It came back up Sunday night here...  Call it 8 PM PST, so that would have been Monday 4 AM London time...  It still had issues but it was working when I got to work at 7 AM, which would have been 3 PM London time.

And I'll scan it up either tonight or tomorrow...  (I would like to modify it some...  Isida allowed it, but it wasn't gestalt.)


----------



## Jarval (Aug 20, 2004)

Brother Shatterstone said:
			
		

> Yay!



  Thought you'd be pleased.  Sorry it's taken me so long to get back to it, but like I said, it took me a while to realize we were back up and running.  Adlon's post certainly gave a through account of what'd happened.  Makes me glad I live where I do...




			
				Brother Shatterstone said:
			
		

> It came back up Sunday night here...  Call it 8 PM PST, so that would have been Monday 4 AM London time...  It still had issues but it was working when I got to work at 7 AM, which would have been 3 PM London time.



Huh, that's longer than I thought :\  Just goes to show I should have been checking more often...




			
				Brother Shatterstone said:
			
		

> And I'll scan it up either tonight or tomorrow...  (I would like to modify it some...  Isida allowed it, but it wasn't gestalt.)

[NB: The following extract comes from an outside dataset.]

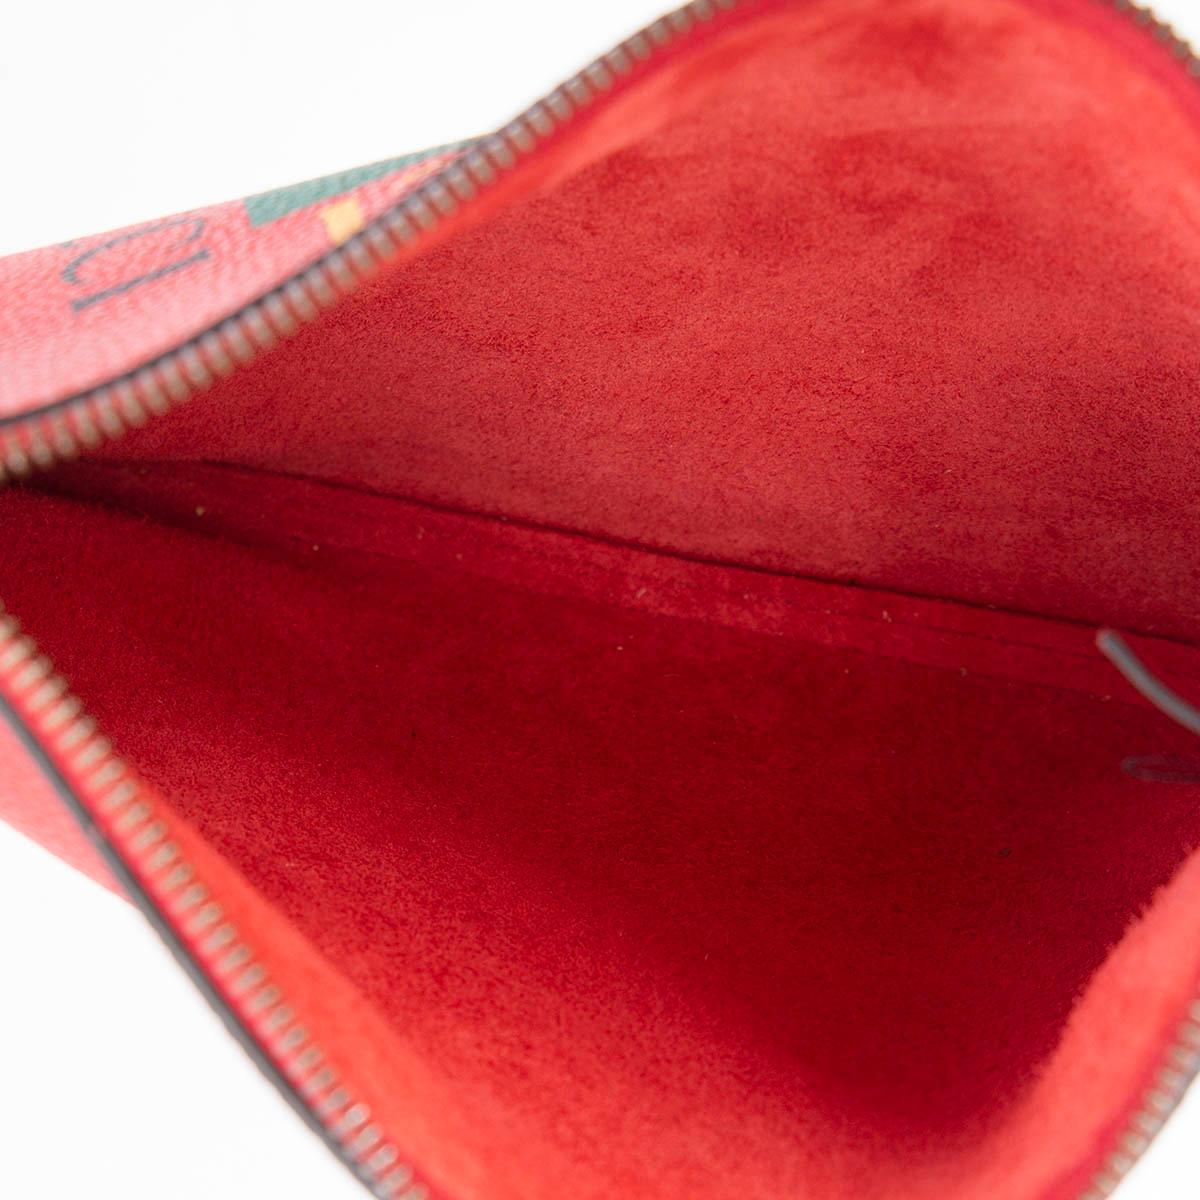 Women's GUCCI red leather 2018 LOGO SMALL PORTFOLIO Pouch Bag

That's cool, no rush.  And don't worry abot tweaking things a bit, I'm not worried about game balance.  After all, I can always chuck tougher stuff at you if needs be


----------



## Brother Shatterstone (Aug 20, 2004)

Jarval said:
			
		

> Sorry it's taken me so long to get back to it, but like I said, it took me a while to realize we were back up and running.  Adlon's post certainly gave a through account of what'd happened.  Makes me glad I live where I do...

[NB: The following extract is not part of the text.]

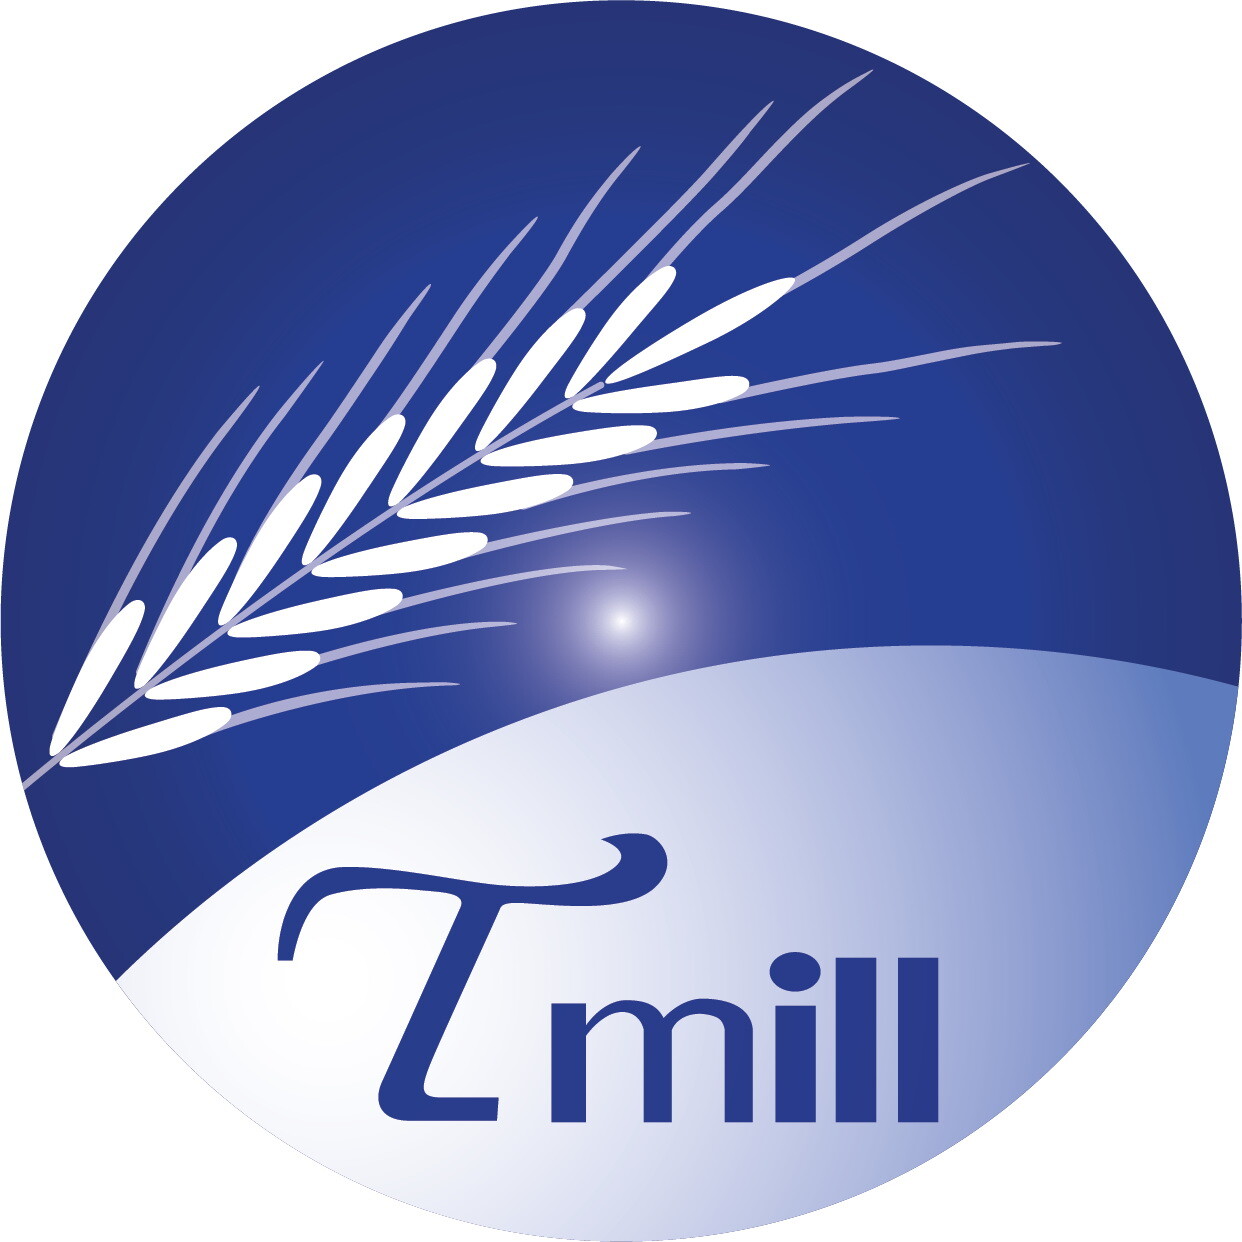 TMILL เตรียมจัดประชุมผู้ถือหุ้น2564 วันที่ 29 เม.ย. 64 พร้อมเพิ่มช่องทางผ่านออนไลน์ ลดเสี่ยงโควิด-19

None sense no need to stress over it, to be honest I've been keeping really busy, I'm active on another board. (Mutants and Masterminds) abd they dumped new errata on us and some much needed rules on weaknesses...  So like I said I've been busy.

(haven't seen adlon's post) 



			
				Jarval said:
			
		

> Huh, that's longer than I thought :\  Just goes to show I should have been checking more often...




naw, just means I should have emailed you... 



			
				Jarval said:
			
		

> That's cool, no rush.  And don't worry abot tweaking things a bit, I'm not worried about game balance.  After all, I can always chuck tougher stuff at you if needs be




Well in that case I want to test the balance of a class I call, Übermunckin!  Now now don't say no yet!

It's got great saves in every category, rolls a d12 for hit points, full BAB progressions, full arcane spell progression, full divine spell progression, full Psionic powers, fighter feats, and a rogue's sneak attack and uncanny dodge progression. 

What do you think!


----------



## Brother Shatterstone (Aug 25, 2004)

bump?   

Are you waiting for the Unfretted Class write up or are you just busy? 

Edit: If you where, check your inbox. 

I have the rogue class simply for the skill points, I don’t like the idea of her being able to remove a trap...  Also of note is that the Unfettered has access to light exotic weapons...  So I could remove the exotic group from her light blades and allow her to becomes proficient in another base weapon group...  Which is cool she doesn't seem to warriorish with only be able to use light blades and bows. 

The feats would need to be adjusted...  She would lose one from her lack of rogue sneak attack.  Of course 2nd level Unfettered gives a bonus feat.    (like it's been long enough to even think that.  )


----------



## Jarval (Aug 27, 2004)

Brother Shatterstone said:
			
		

> Well in that case I want to test the balance of a class I call, Übermunckin!  Now now don't say no yet!
> 
> It's got great saves in every category, rolls a d12 for hit points, full BAB progressions, full arcane spell progression, full divine spell progression, full Psionic powers, fighter feats, and a rogue's sneak attack and uncanny dodge progression.
> 
> What do you think!



I think in got the shaft!  I mean, it should have lay on hands, the monk's unarmed damage and flurry of blows, and both of the ranger's combat styles.  Then you've got an Übermunckin.






			
				Brother Shatterstone said:
			
		

> bump?
> 
> Are you waiting for the Unfretted Class write up or are you just busy?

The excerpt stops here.